- _WHAT THIS TASK INVOLVES_
The expected answer is the set of lines in the data below between the line holding "ジェットストリーム4&1 0.5mm ポチャッコ シャンパンゴールド【新品未開封】" and the line holding "Glistening Glider bracelet- Rhodium", inclusive, written out exactly.

- _PROVIDED DATA_
━━━━━━━━━━━━━━━━━━━━
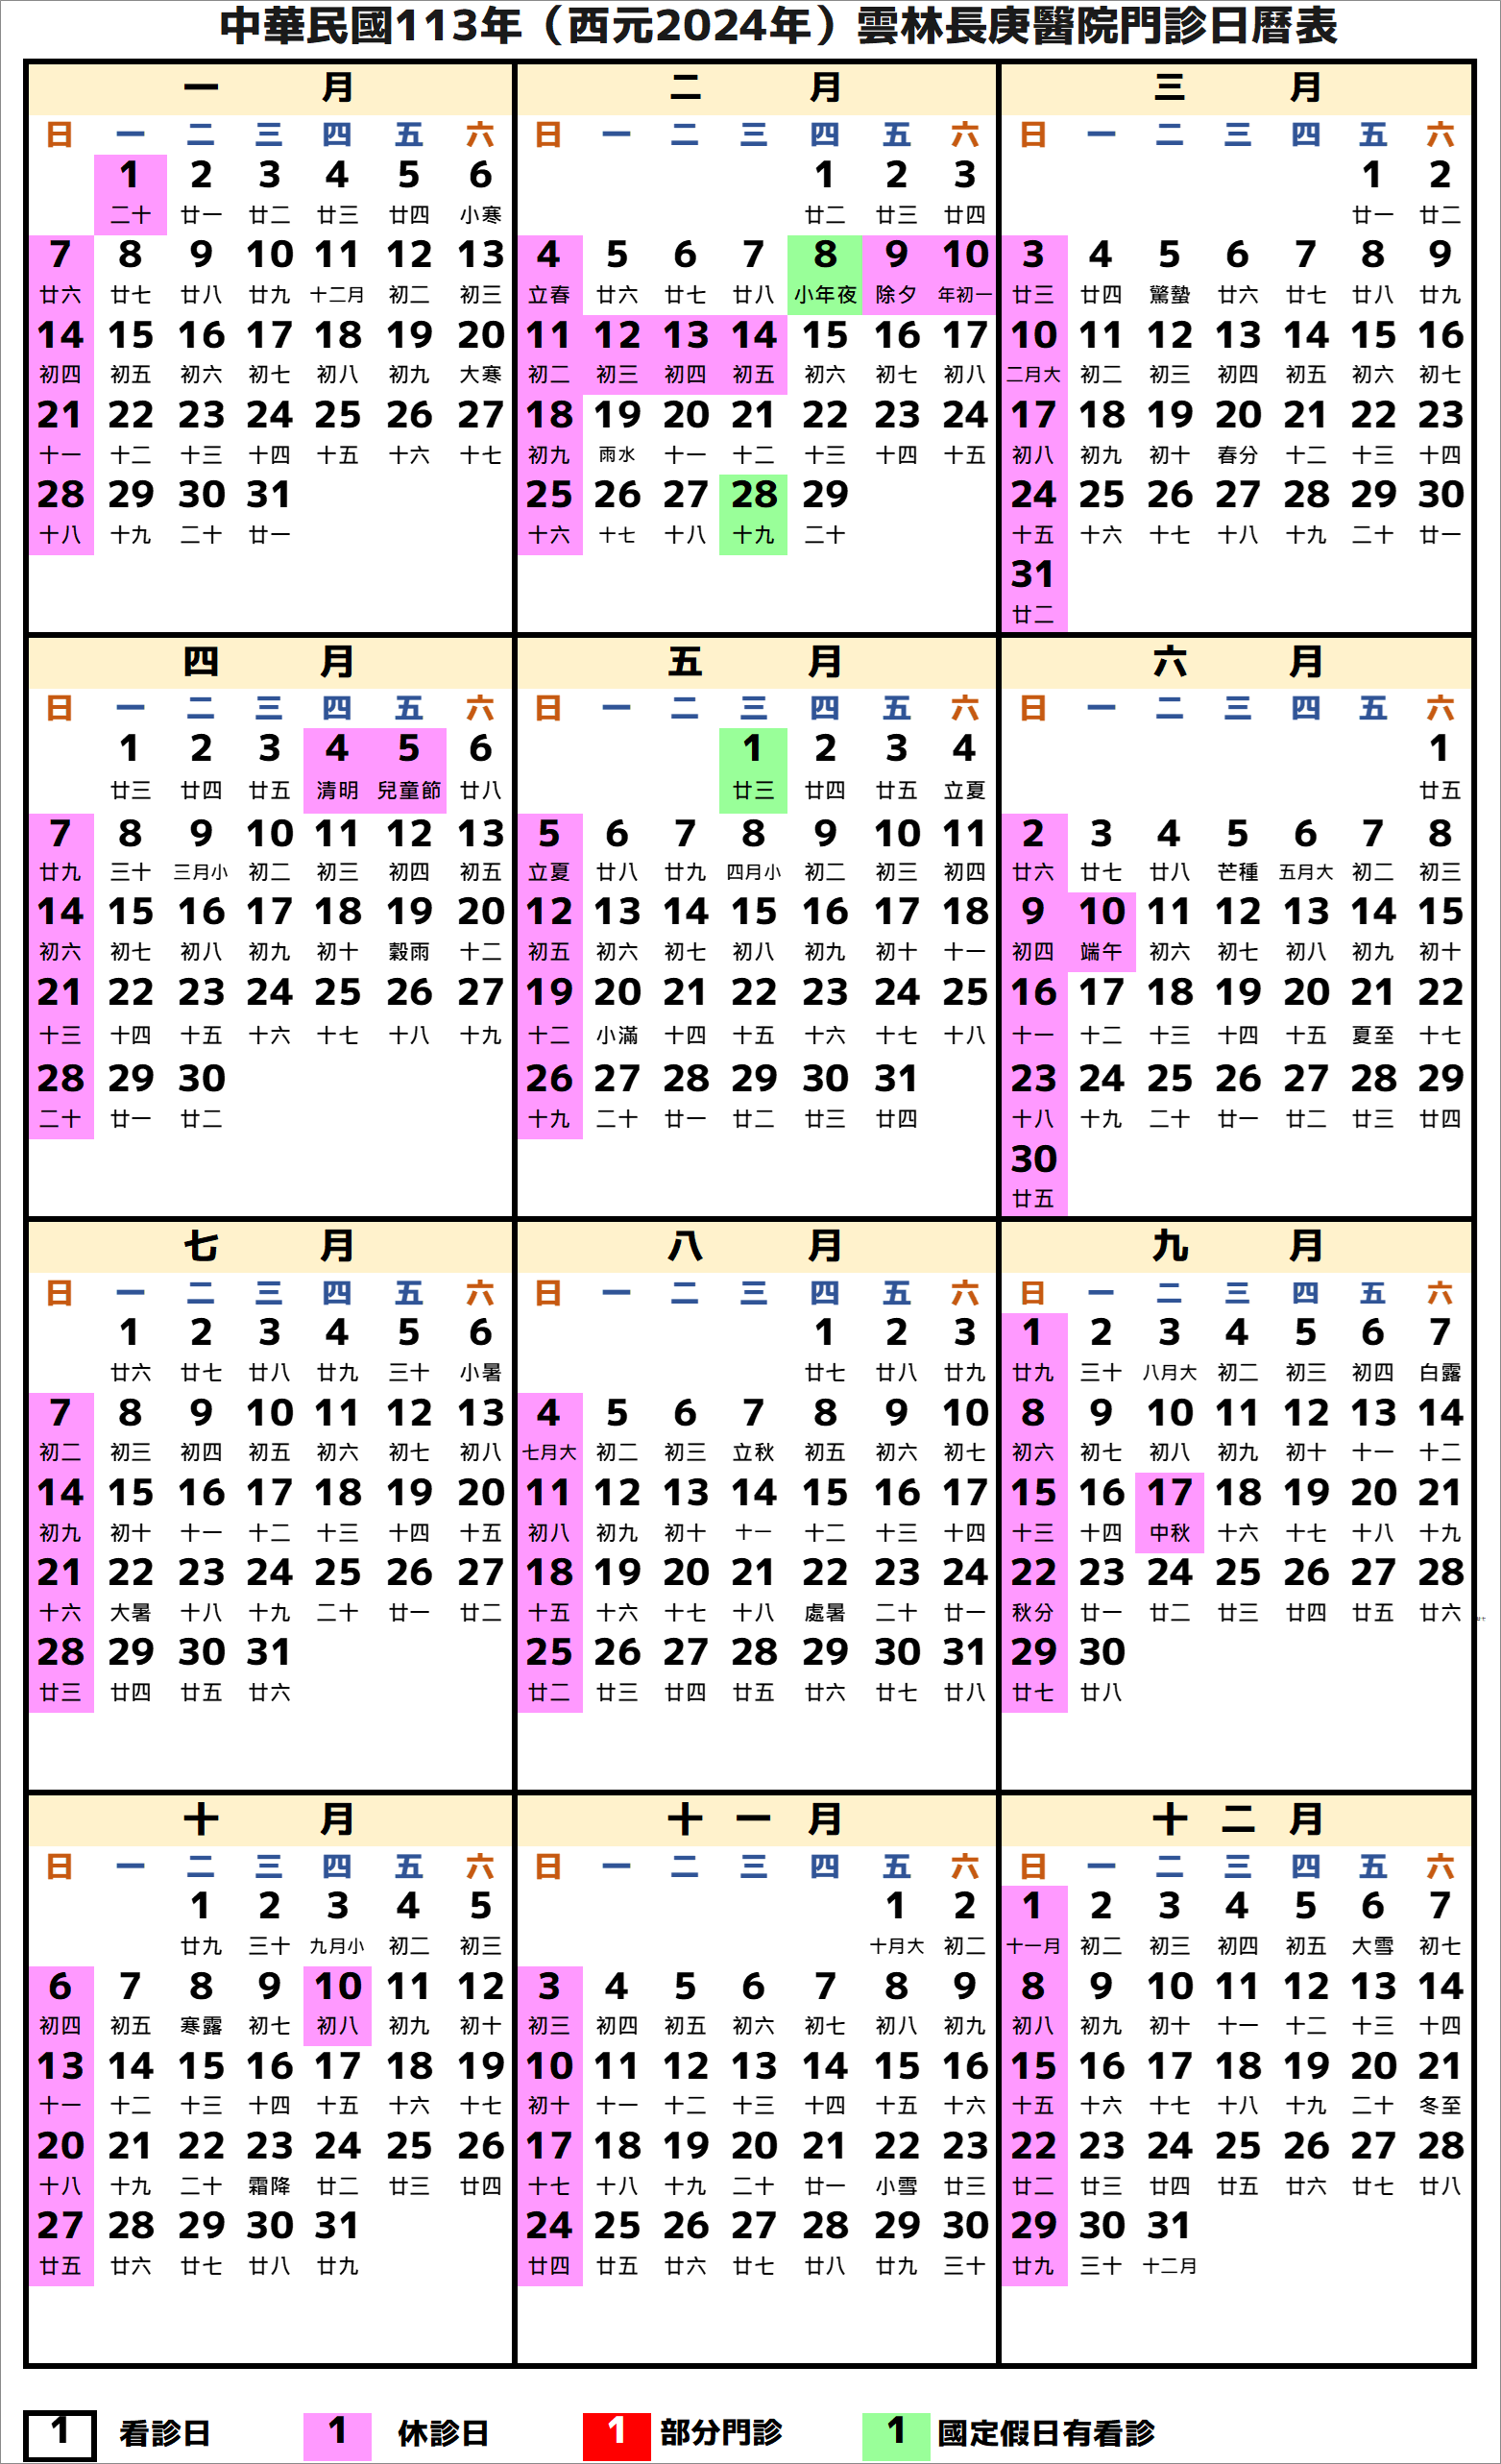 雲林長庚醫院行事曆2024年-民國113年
━━━━━━━━━━━━━━━━━━━━
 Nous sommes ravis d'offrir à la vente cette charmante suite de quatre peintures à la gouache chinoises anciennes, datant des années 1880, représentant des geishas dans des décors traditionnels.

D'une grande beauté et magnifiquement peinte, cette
━━━━━━━━━━━━━━━━━━━━
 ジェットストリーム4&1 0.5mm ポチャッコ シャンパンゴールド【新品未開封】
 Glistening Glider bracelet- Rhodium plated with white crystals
━━━━━━━━━━━━━━━━━━━━
- _OUTPUT OF THE TASK_
 ジェットストリーム4&1 0.5mm ポチャッコ シャンパンゴールド【新品未開封】
 Glistening Glider bracelet- Rhodium plated with white crystals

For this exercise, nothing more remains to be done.